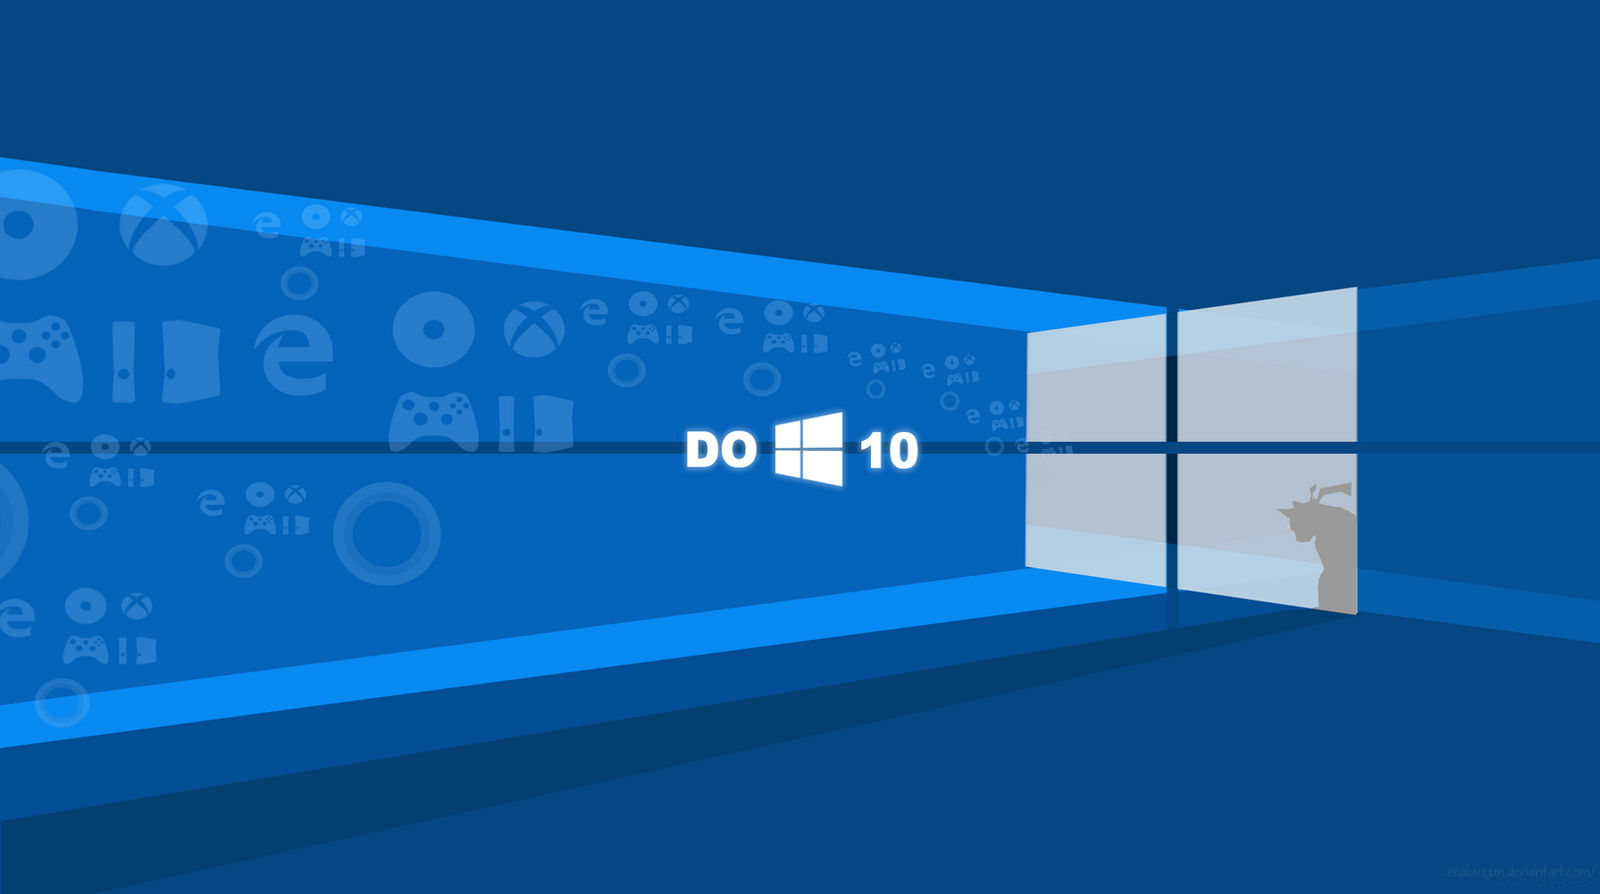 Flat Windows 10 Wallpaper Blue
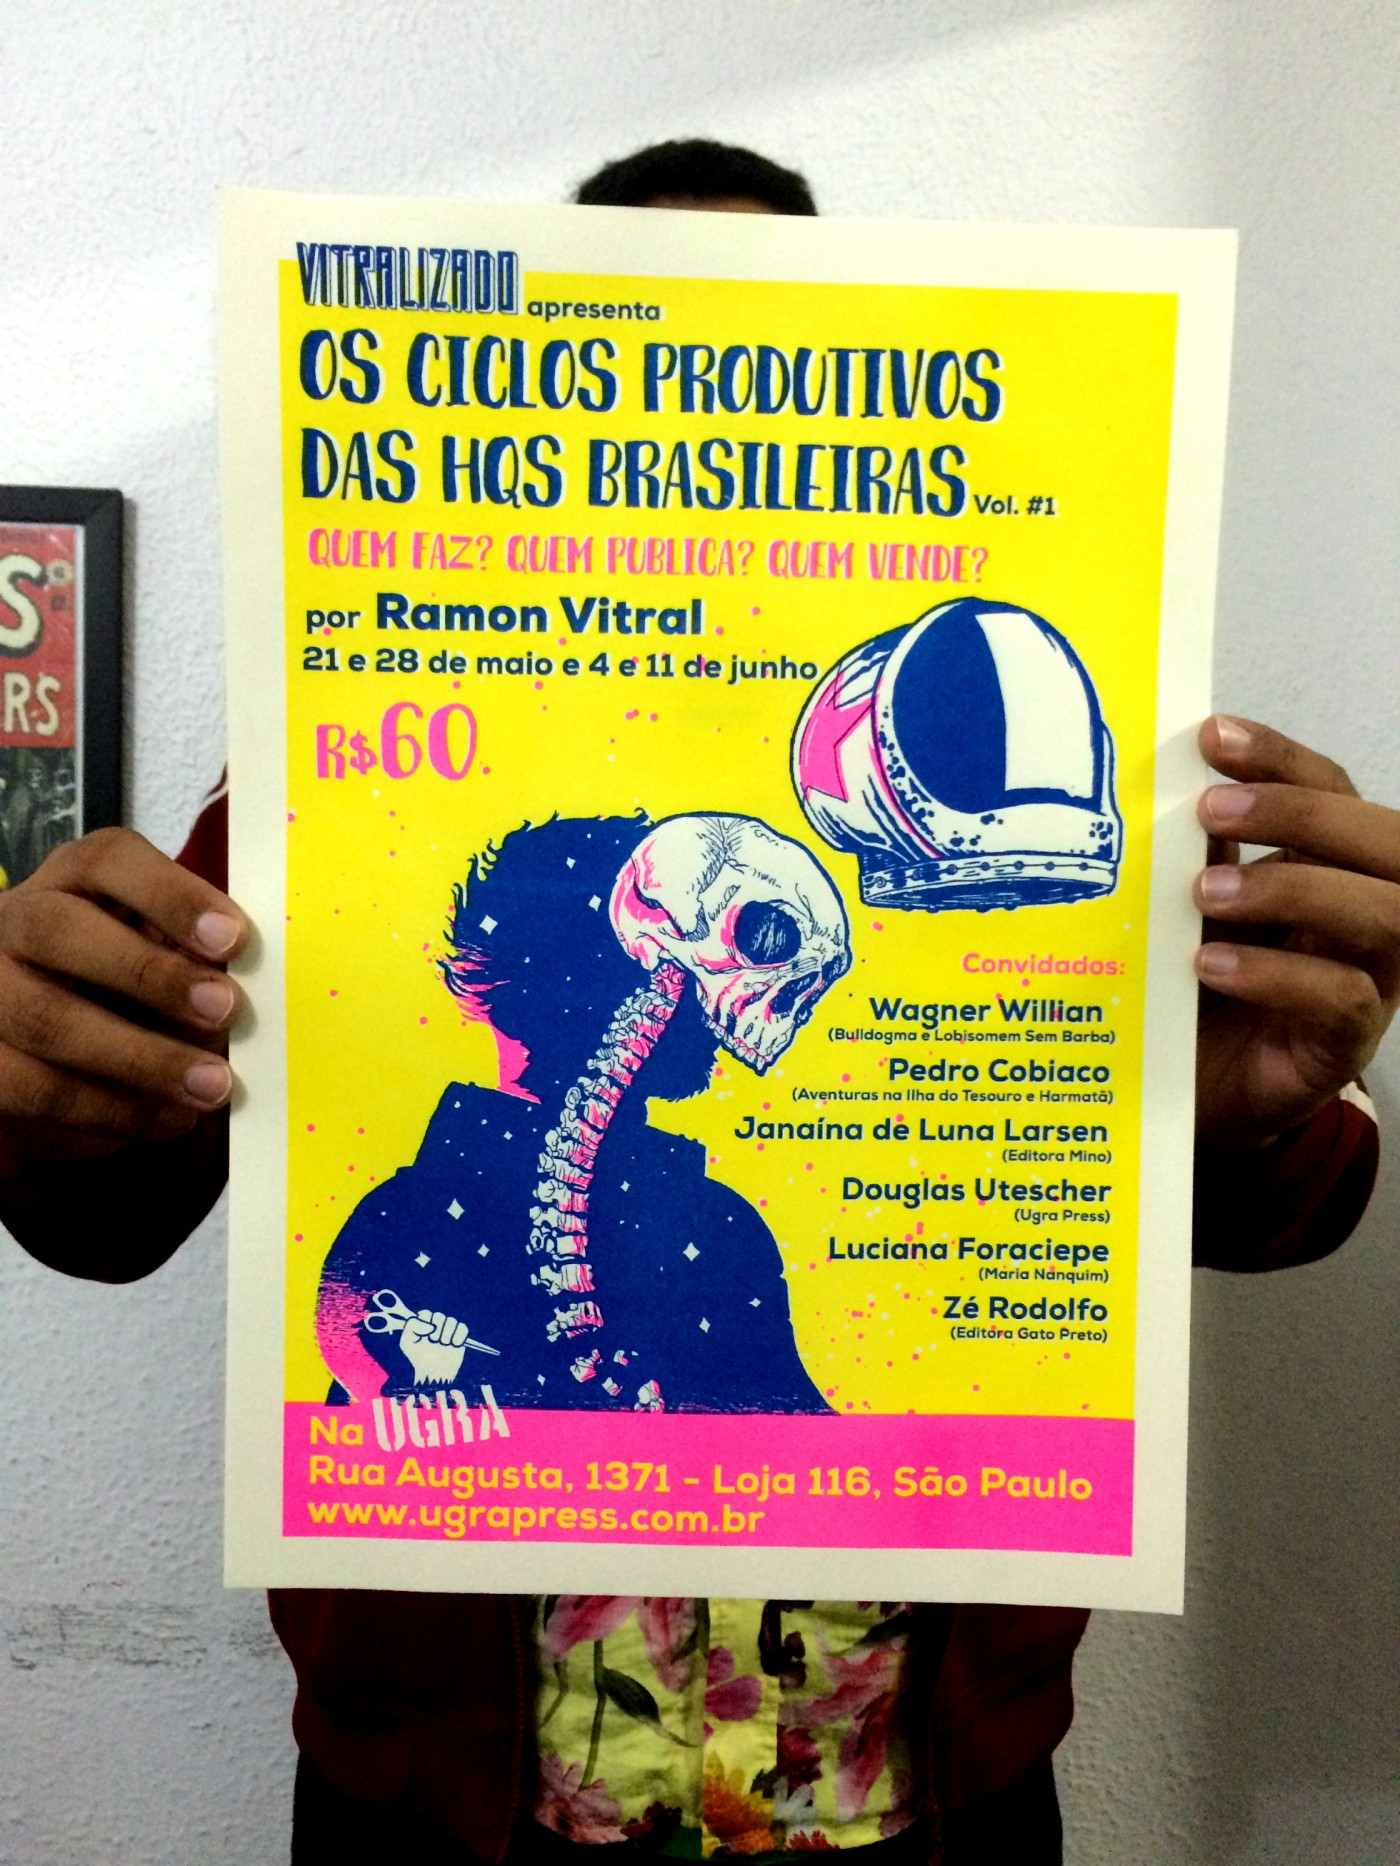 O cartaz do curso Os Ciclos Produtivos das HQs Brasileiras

---

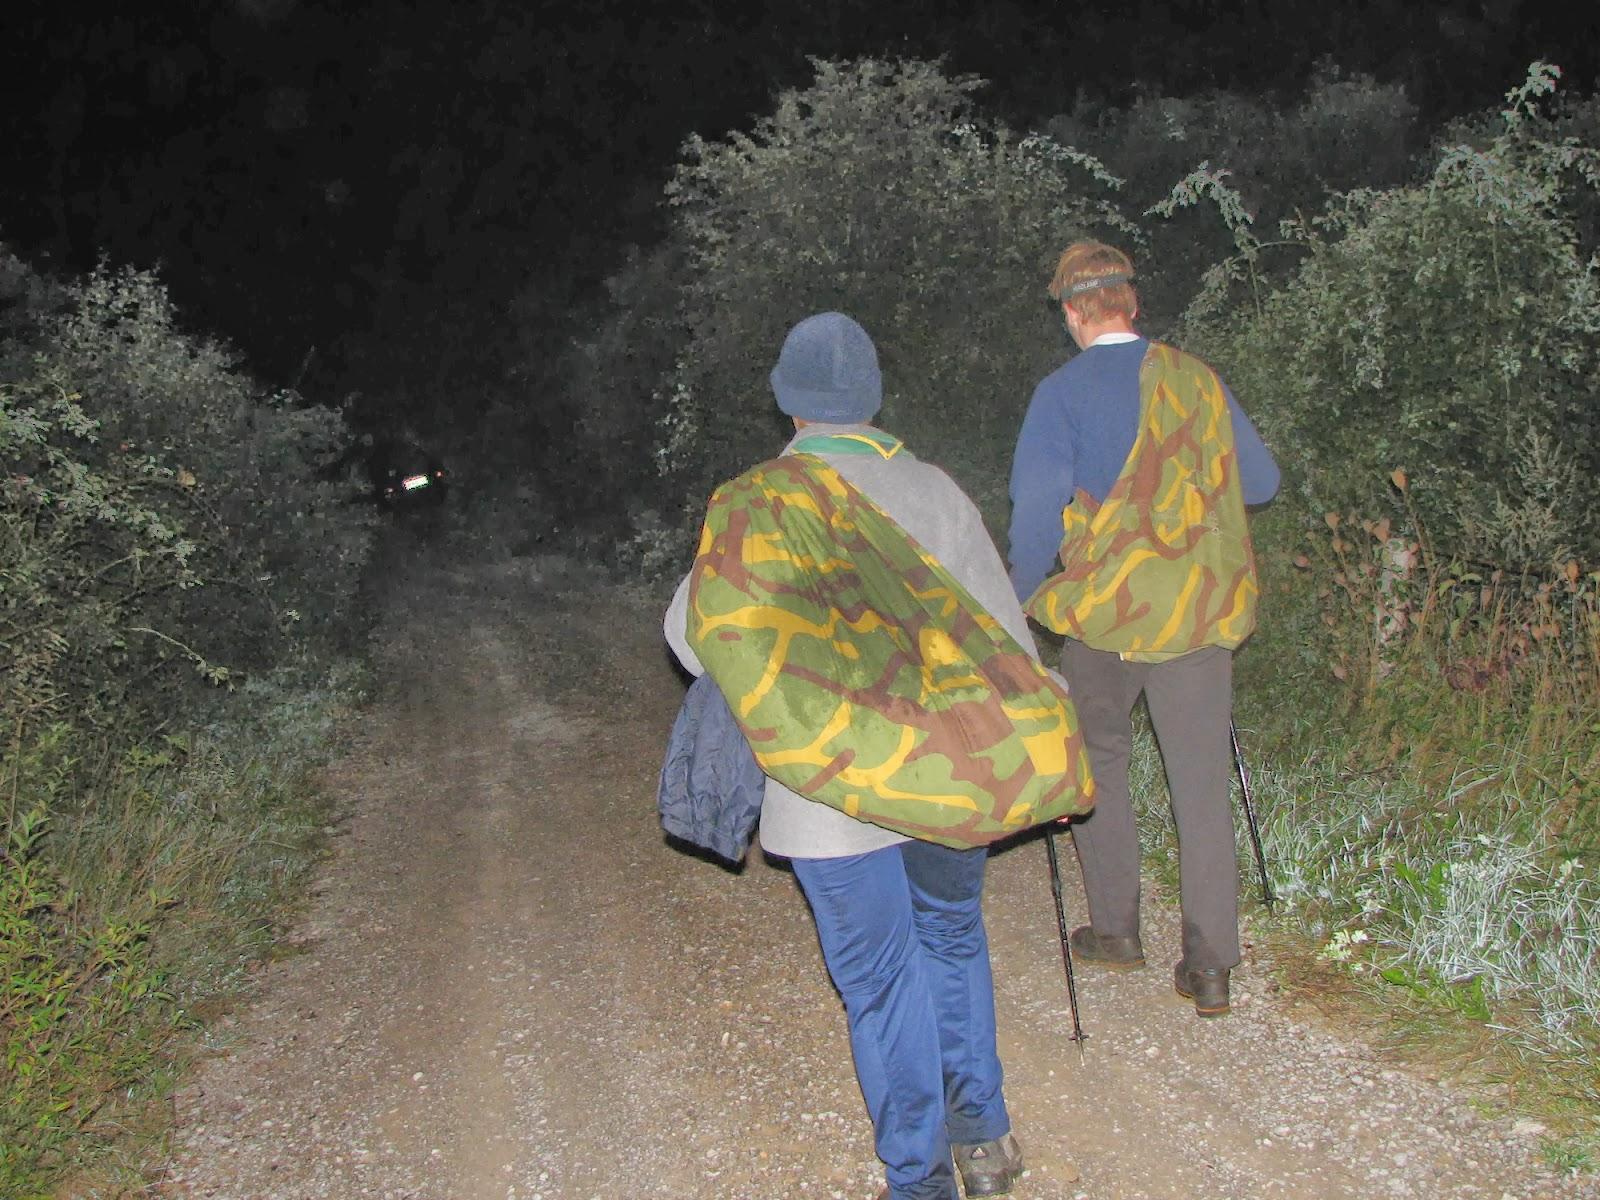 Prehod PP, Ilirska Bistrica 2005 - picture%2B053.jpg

> TRY IT
Skip every picture, and restate word for word only the lines above from the line containing "Flat Windows 10 Wallpaper Blue" to the line containing "O cartaz do", both of them included.

> REPLY TO THE TASK
 Flat Windows 10 Wallpaper Blue
 O cartaz do curso Os Ciclos Produtivos das HQs Brasileiras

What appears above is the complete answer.